The score remains lower than the regional and global average of 48,3 and 54,5, respectively.

Fitch’s downgrade came at a time the local currency was depreciating rapidly against major currencies with a single United States dollar now trading for $393,85 on the official market, down from $108,66 at the beginning of the year.

In its July 2022 Africa Monitor- Southern Africa report, the global agency said Zimbabwe needed to quickly stabilise its currency and deal with inflation if it entertained any hopes of improving the economy.

Fitch scores a country on a scale of between 0 to 100, with a higher score representing a lower risk.

“Stabilising the currency and inflation will require tighter monetary and fiscal policy in the months ahead, ensuring that any uptick in government spending is muted,” the report said.

“The government remains locked out of capital markets and from multilateral lending, meaning that it partially relies on the RBZ for deficit financing,” Fitch Solutions said.

“A higher deficit would risk a further increase in the money supply and inflation in the months ahead, and the RBZ has also reduced its quarterly money growth target to 5.0% in Q222, from 7.5% previously at its April 2022 meeting.

“We view a re-dollarisation of the economy as likely at some stage in 2022 or 2023.”

Inflation is being driven by an increase in the monetary supply and a lack of support for the ailing Zimbabwe dollar.

In May, money supply reached $971,54 billion, up 44,71% from April’s $671,37 billion and a whopping 106,51% from January’s $470,43 billion.

The increase has been attributed to the government’s insistence on  with its domestic debt financing model through the continued issuances of securities such as treasury bills and bonds.

In May monetary supply was largely composed of foreign currency deposits at 57,55% and local currency deposits being 42,13% with the remainder being the currency in circulation.

“Month-on-month, broad money increased by 44.71%, largely reflecting an increase of 85.05% in foreign currency deposits, from $302.16 billion in April 2022 to $559.14 billion in May 2022.

“The increase was on the back of exchange rate depreciation.

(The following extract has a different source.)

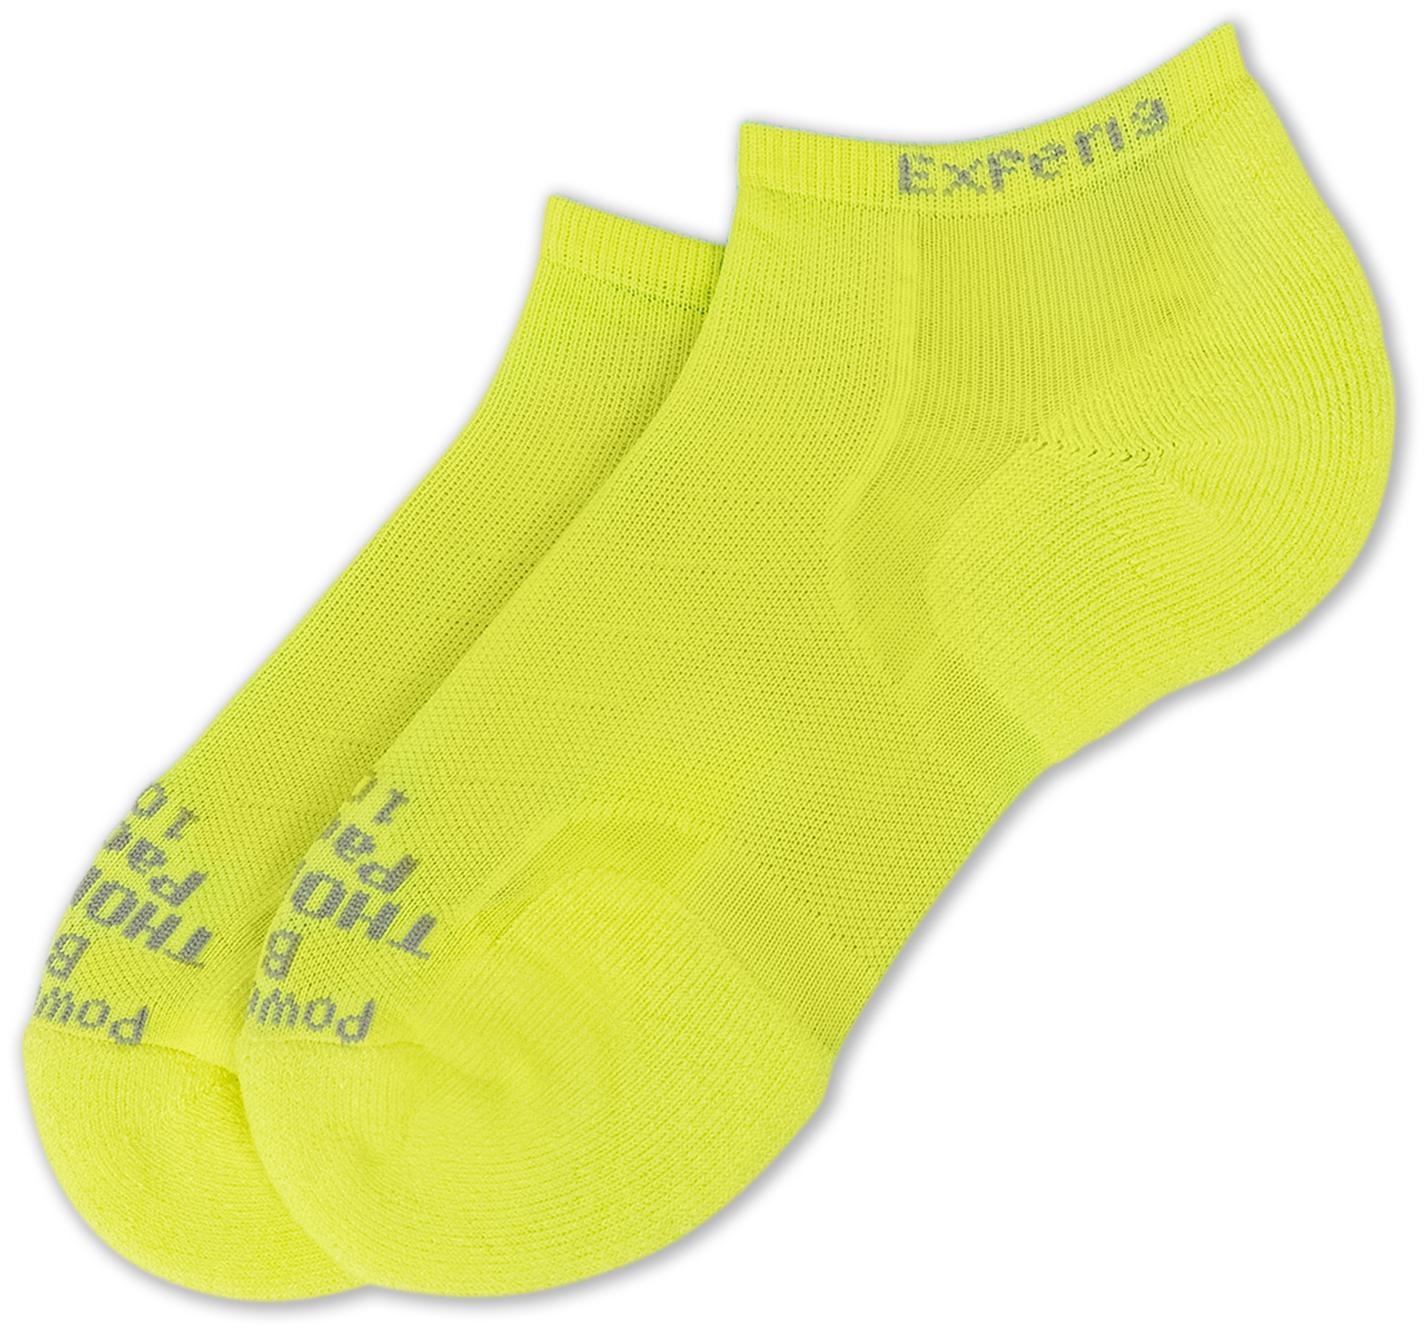 Носки женские Thorlo's Fitness Light Cushion Low Cut желтые 42

Over the same period, the local currency component of broad money grew by 11.70%,” the RBZ said in its latest economic report.

“During the month under review, net domestic claims increased by 32.33% to ZW$671.65 billion.

“The growth was largely due to increases of $122.19 billion and

$13,62 billion in credit to the private sector and net claims on Government, respectively.

“On an annual basis, broad money registered a growth of 245.00%, largely driven by the impact of exchange rate depreciation over the year.

“The auction rate moved from $84.73/US$ in May 2021 to $290.88/US$ in May 2022, resulting in growth of the ZW$ equivalent of FCA deposits, from ZW$127.55 billion in May 2021 to ZW$559.14 billion in May 2022.”

The increase in the money supply is causing the Zimbabwe dollar to depreciate, adding inflationary pressures on the battered local currency.

Businesses have started rejecting the local currency in favour of the greenback whose use was codified in section 2 (A) of Statutory Instrument 118A of 2022 under the Presidential Powers (Temporary Measures) Act last month.

Under the section, the use of foreign currency for transactions has been permitted for the  period ending December 2025.

“The basic commodities being charged exclusively in US dollar include sugar, laundry soap, flour, milk, cooking oil, Mazoe orange crush and mealie-meal amongst many products,” the Zimbabwe Coalition on Debt and Development said.

“This comes after the pronouncement by the monetary authorities that the USD and the ZWL shall be legal tender whilst observing the interbank rate plus 10% margin for all ZWL prices.”

The fall of the local currency has led to the annual inflation rate reaching 191,6% in June.